Fabric Dataflows Gen2 And Concurrent Evaluation, Part 1

Did you know that if your Fabric Dataflows Gen2 contains several queries then you can control how many of them are evaluated in parallel when your dataflow refreshes? In this series I’ll look at how how you can do this and how it may result in better performance – at least in some cases.

Let’s start with the basics. I created a Dataflow Gen2 with ten queries which each returned a table of one row and one column after one minute. I used the #table function to generate the table without connecting to a data source, code from this post to add the delay and the trick in this post to make sure the delay was only applied when the dataflow refreshed. The output of each query was loaded to a Fabric Warehouse.

I then refreshed the dataflow using the default settings and found that the refresh took 2 minutes 9 seconds by looking in Recent Runs; each individual query took somewhere between 1 minute 10 seconds and 1 minute 30 seconds, which matches the 10-30 second overhead on query execution that I normally see when tuning dataflows. I refreshed it two more times and the durations were 1 minute 32 seconds and 3 minutes 38 seconds. This all suggests that the amount of concurrency was variable, and that the dataflow was sometimes able to evaluate all the queries in parallel and sometimes only able to evaluate some of them in parallel.

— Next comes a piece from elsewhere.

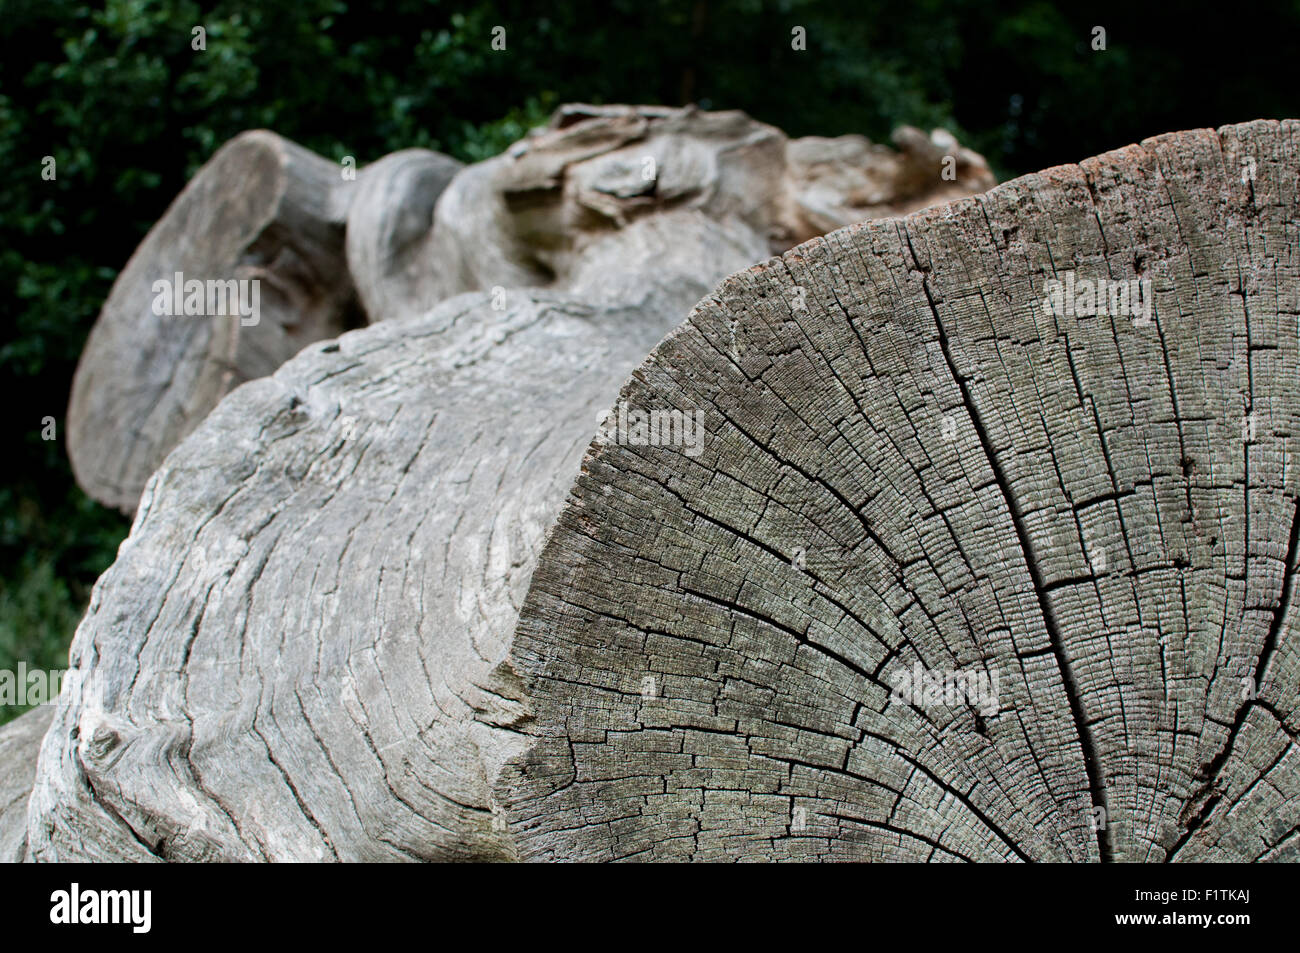 Close up of wood texture on a fallen tree trunk Stock Photo

I then opened the dataflow, went to the Options dialog and the Scale pane, checked the “Limit number of concurrent evaluations” box and set the slider to 1:

I then refreshed the dataflow again and this time the overall refresh took 12 minutes 29 seconds, which is consistent with ten query evaluations that took 1 minute 10 seconds to 1 minute 30 seconds running one after the other.

Finally, I went back into the dataflow and set the Concurrency slider as high as possible to 250:

I then refreshed the dataflow again and this time the refresh took 1 minute 33 seconds, suggesting all the queries were evaluated in parallel.

So from all this we can see that, as you might expect, increasing the amount of concurrency improved dataflow refresh performance. There’s more to learn about concurrency though and as we shall learn later in this series, more concurrency isn’t always better.